* _Work request_: An exact reproduction of the listing is wanted, with the pictures dropped.

* _Data segment_:
------------------------------------------------
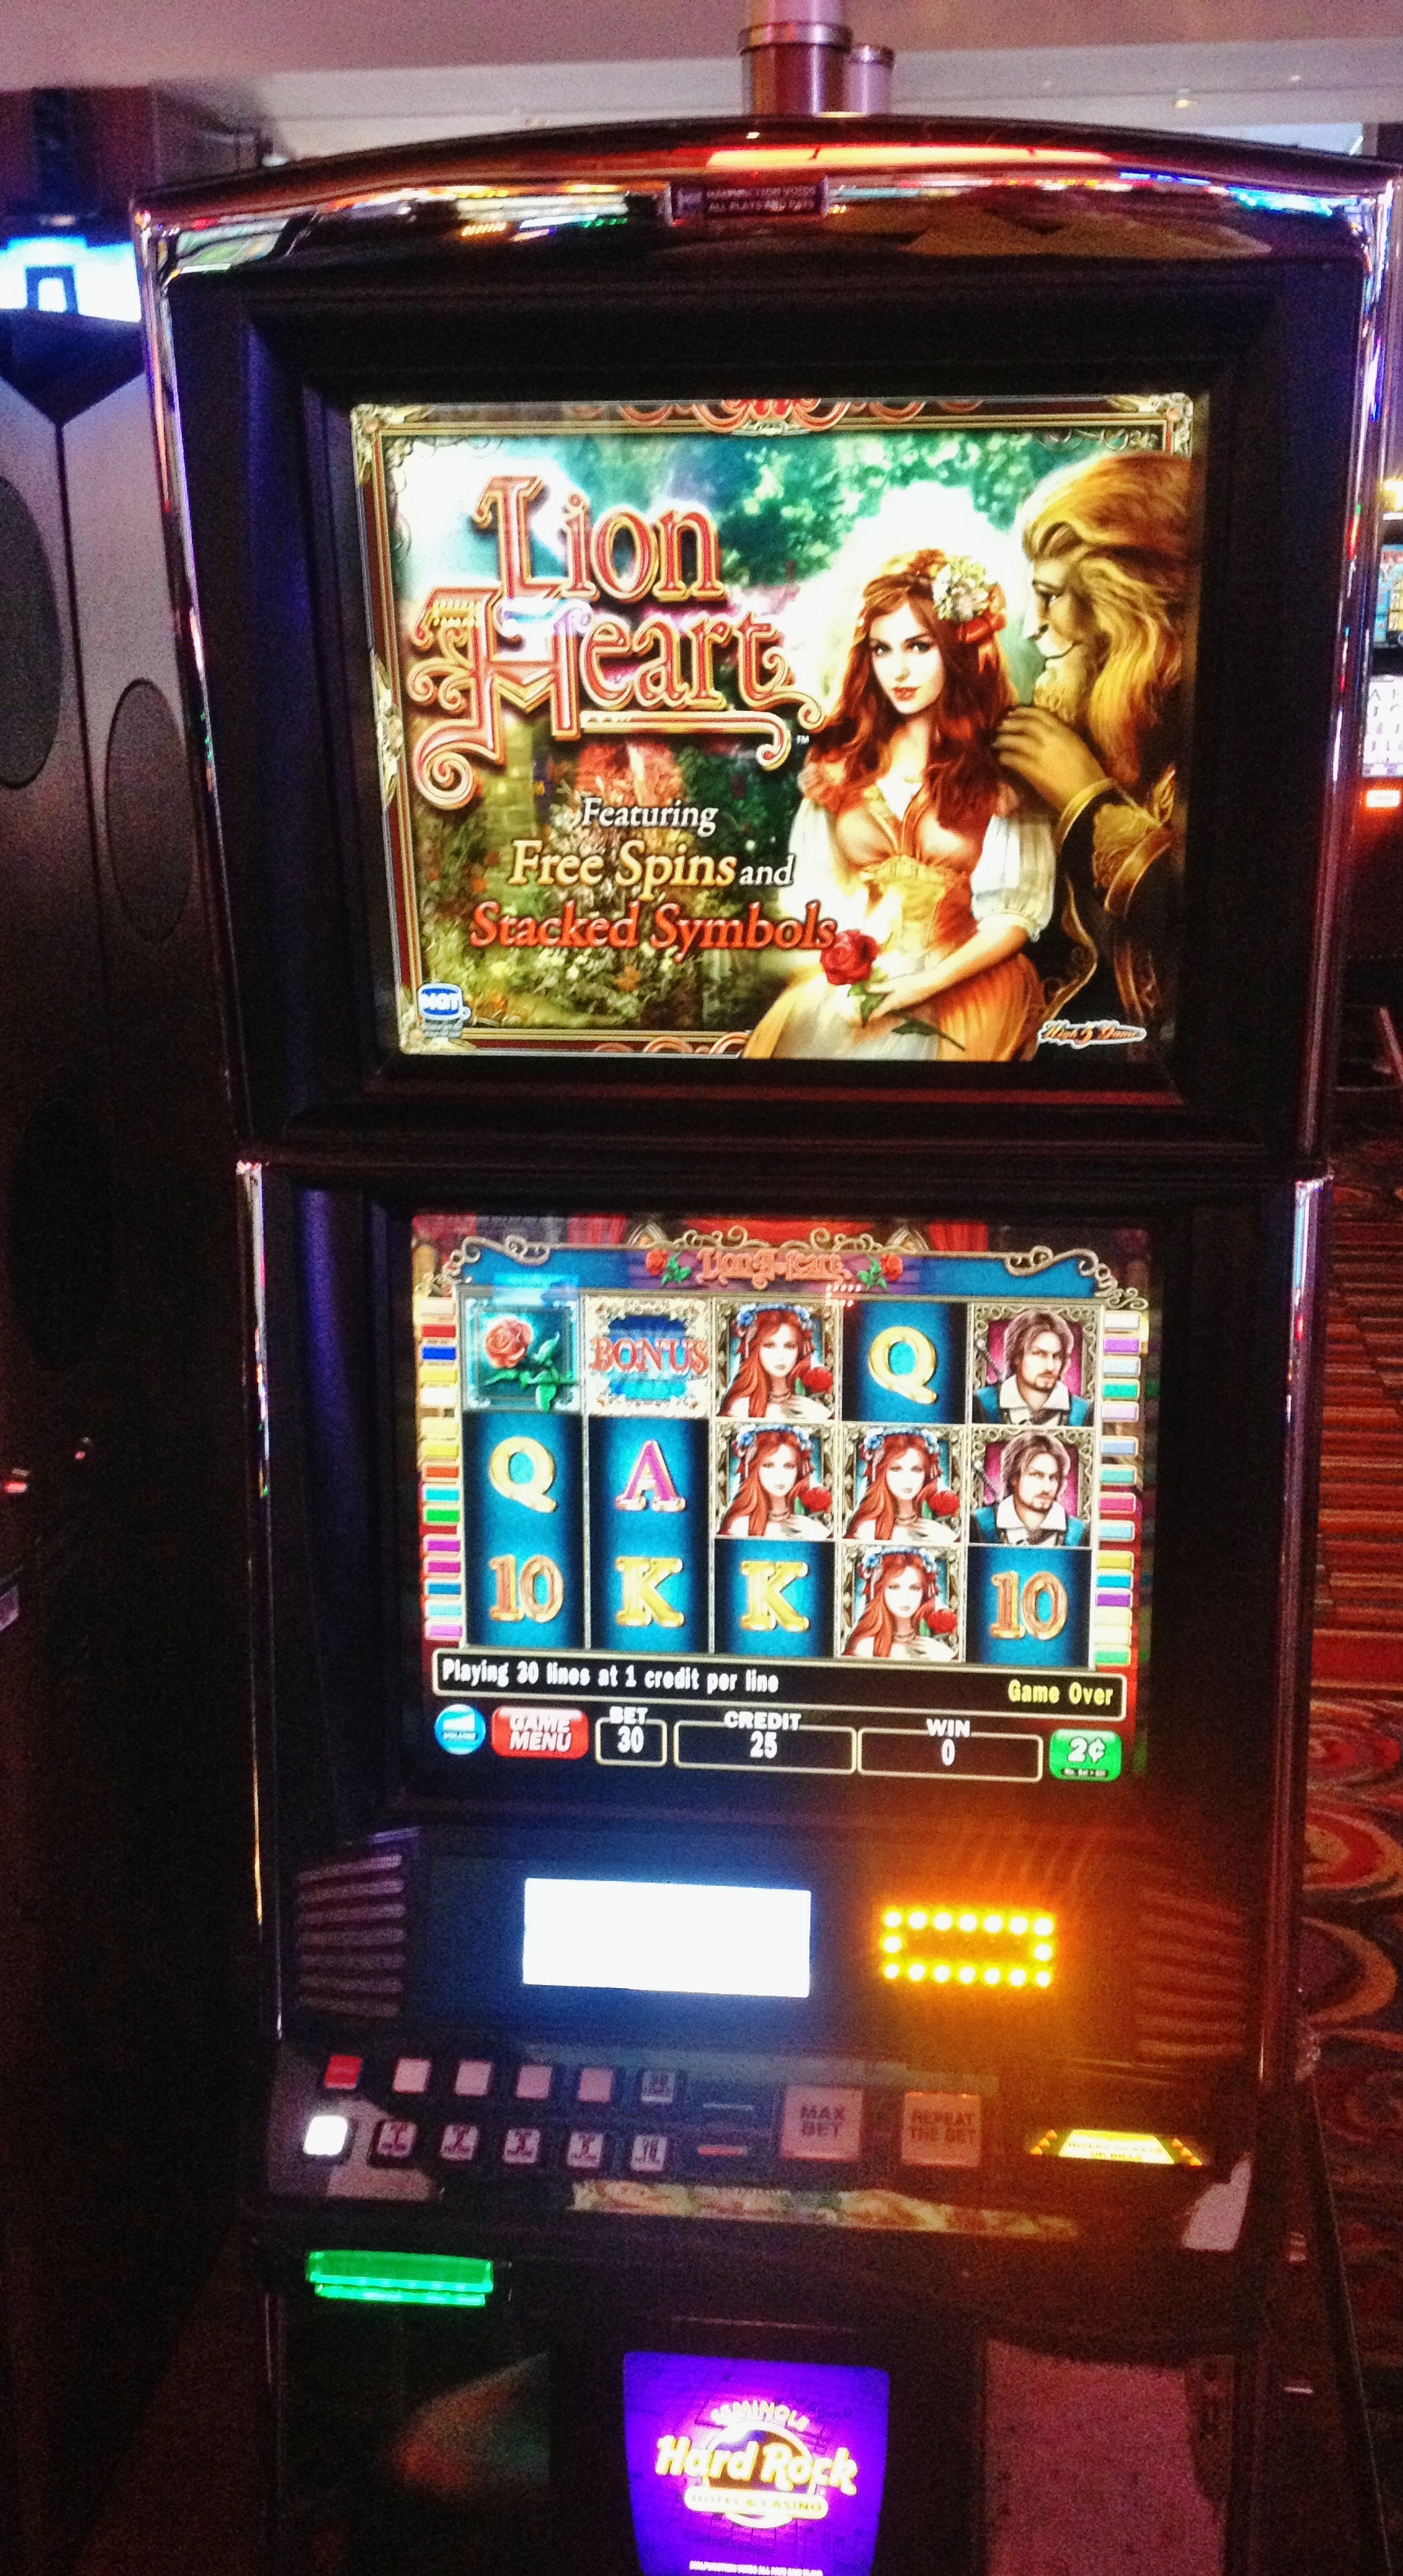 Are digital slot machines rigged odds
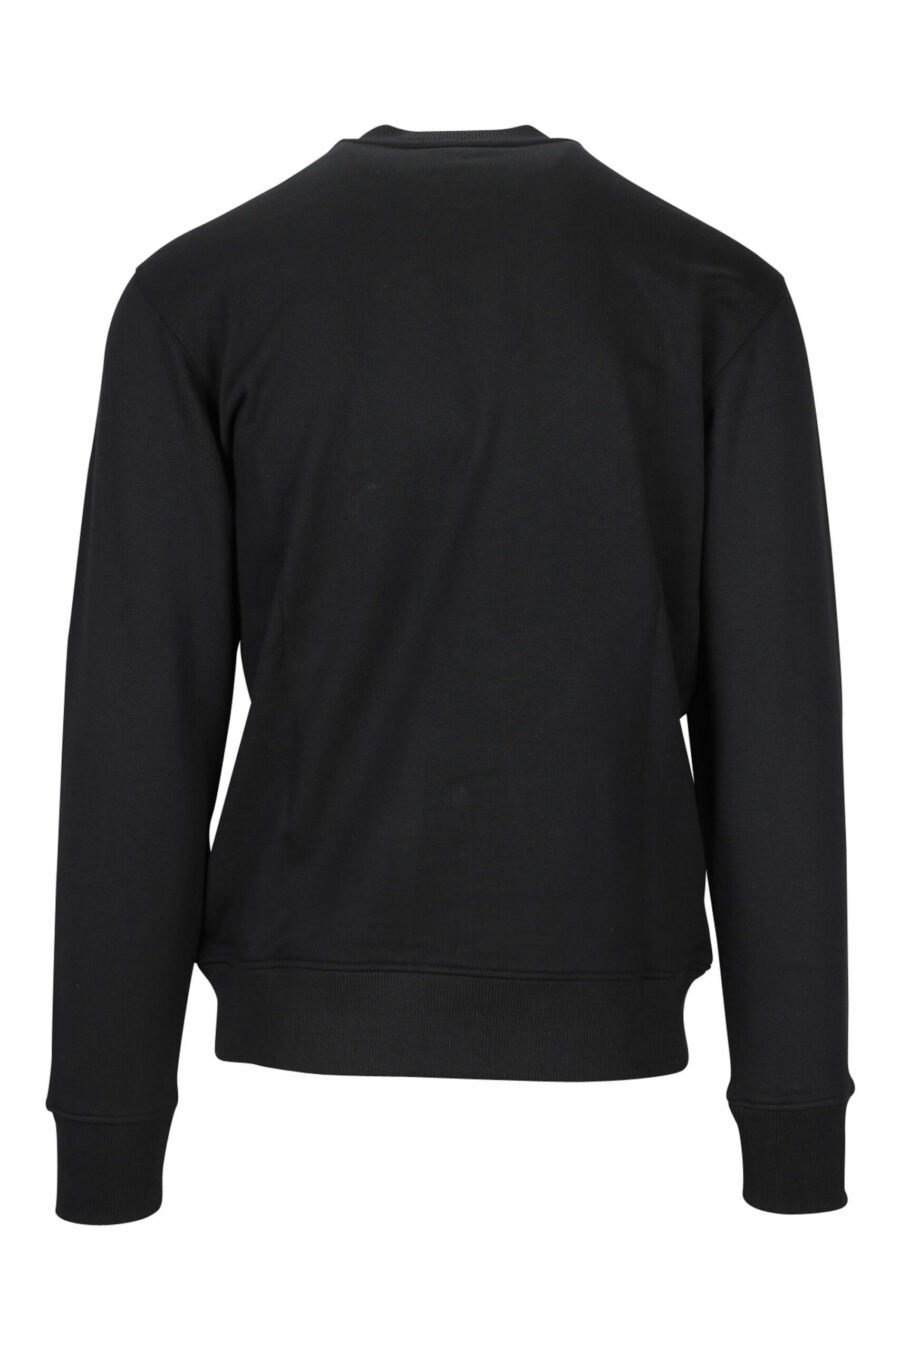 Black sweatshirt with classic maxilogue in shiny gold - 8052019456998 1 scaled
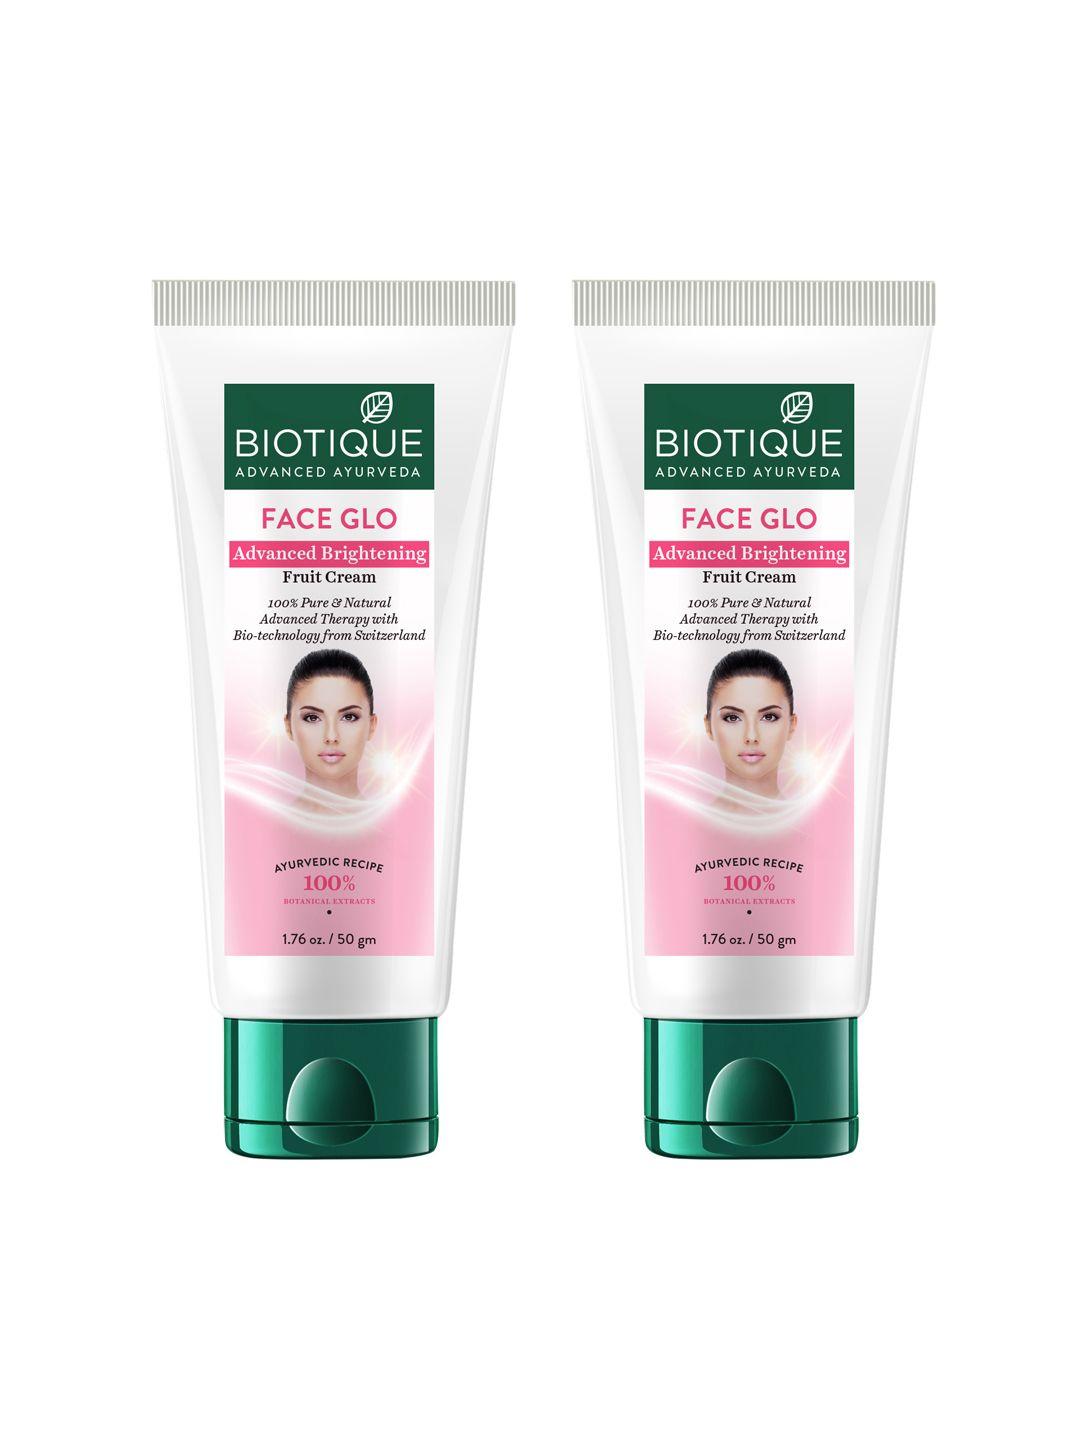 biotique set of 2 pure & natural face glo advanced brightening fruit face cream - 50g each
------------------------------------------------
* _Task solution_:
 Are digital slot machines rigged odds
 Black sweatshirt with classic maxilogue in shiny gold - 8052019456998 1 scaled
 biotique set of 2 pure & natural face glo advanced brightening fruit face cream - 50g each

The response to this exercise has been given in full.